:: DATA

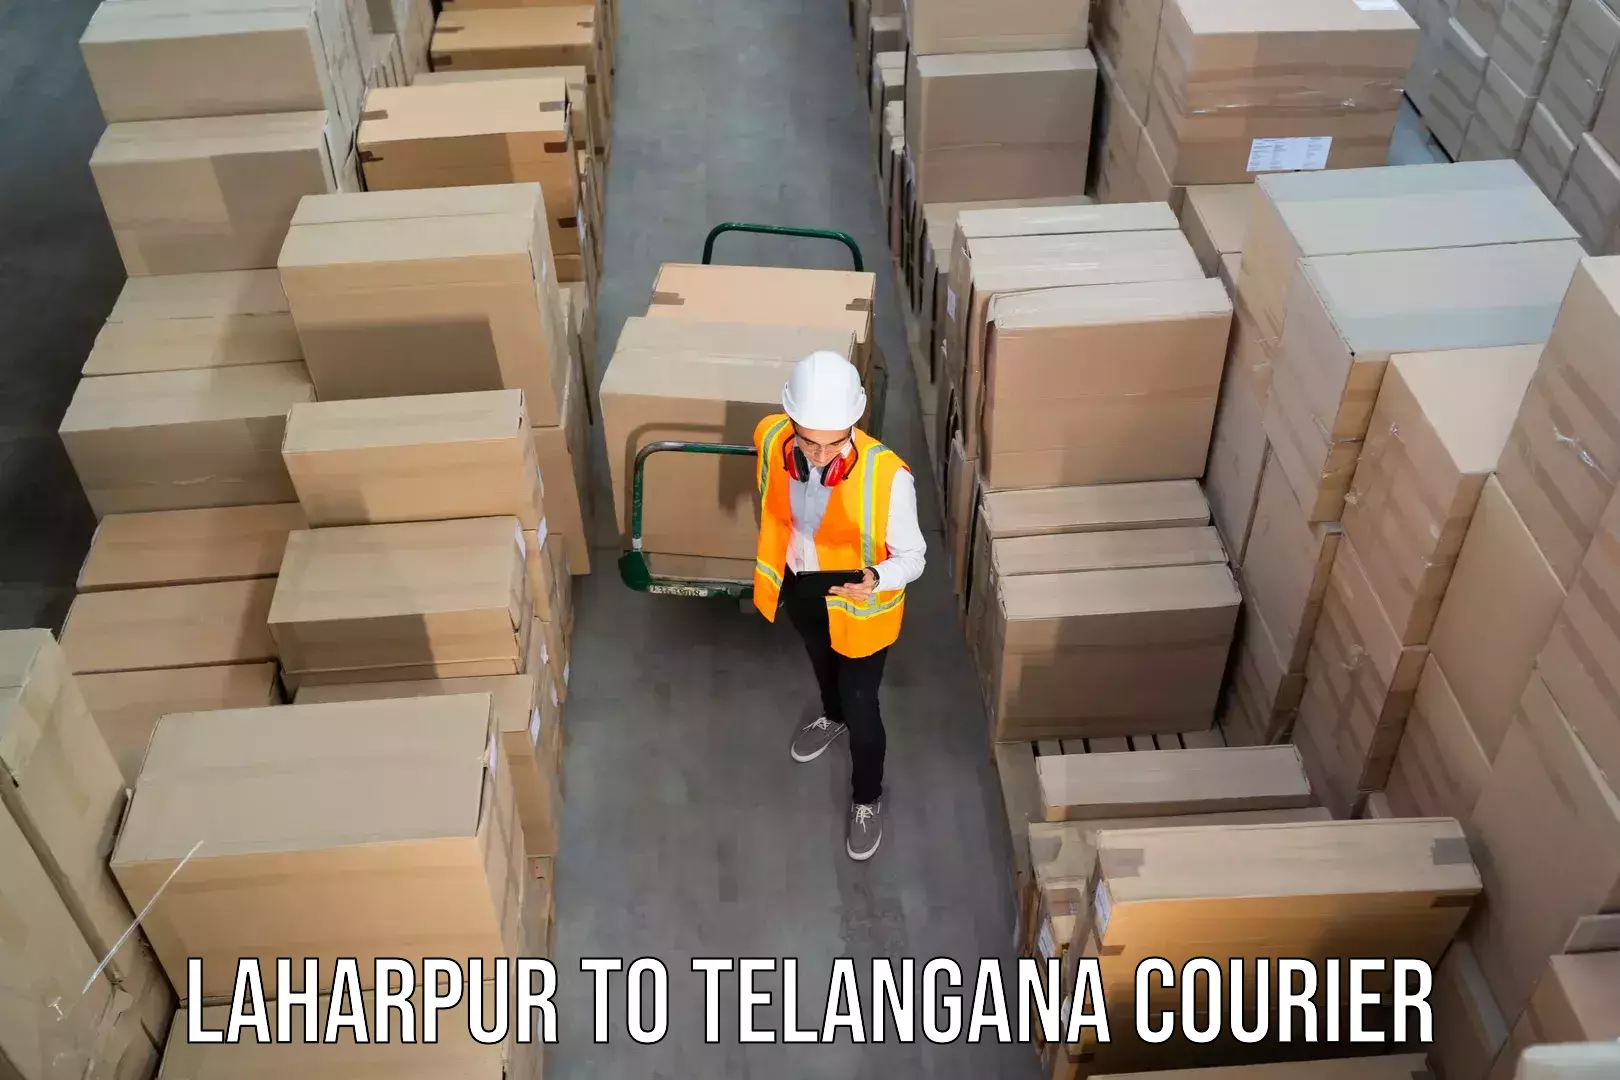 Global shipping networks Laharpur to Manneguda
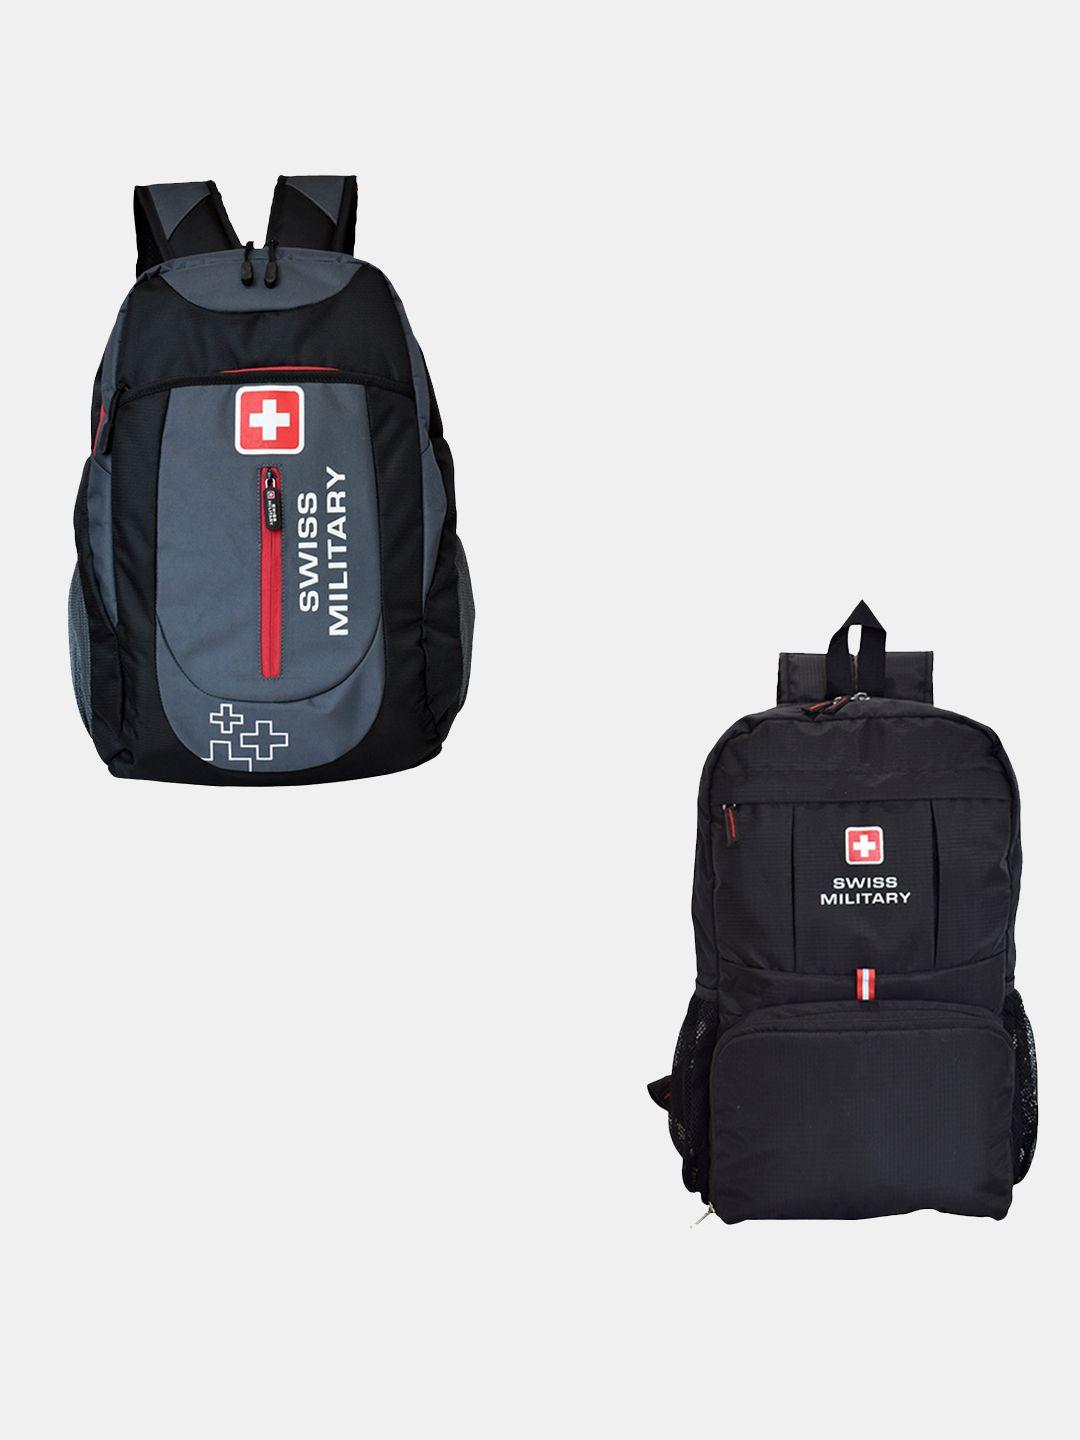 swiss military brand logo backpack and foldable bag
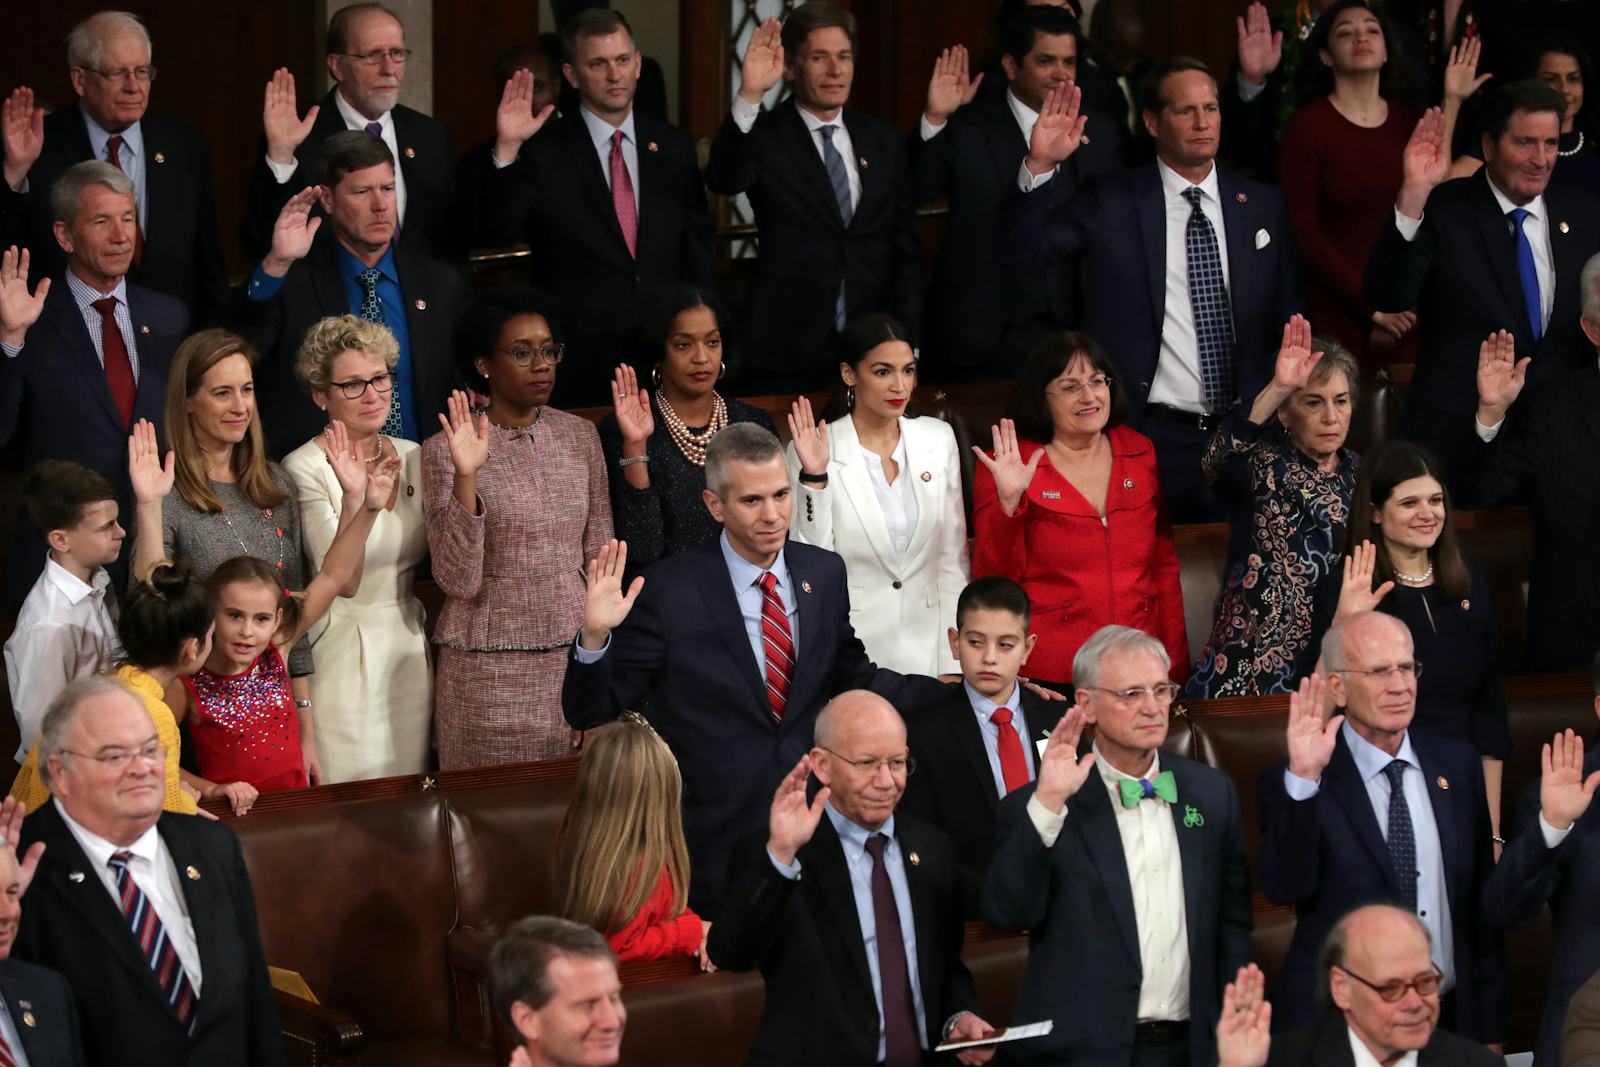 Photos Of New Members Of Congress Being Sworn In Show The New Face Of

::::

GOAL OF THE EXERCISE: Could you reproduce all of the data above exactly and skip any image?

SOLUTION:
 Global shipping networks Laharpur to Manneguda
 swiss military brand logo backpack and foldable bag
 Photos Of New Members Of Congress Being Sworn In Show The New Face Of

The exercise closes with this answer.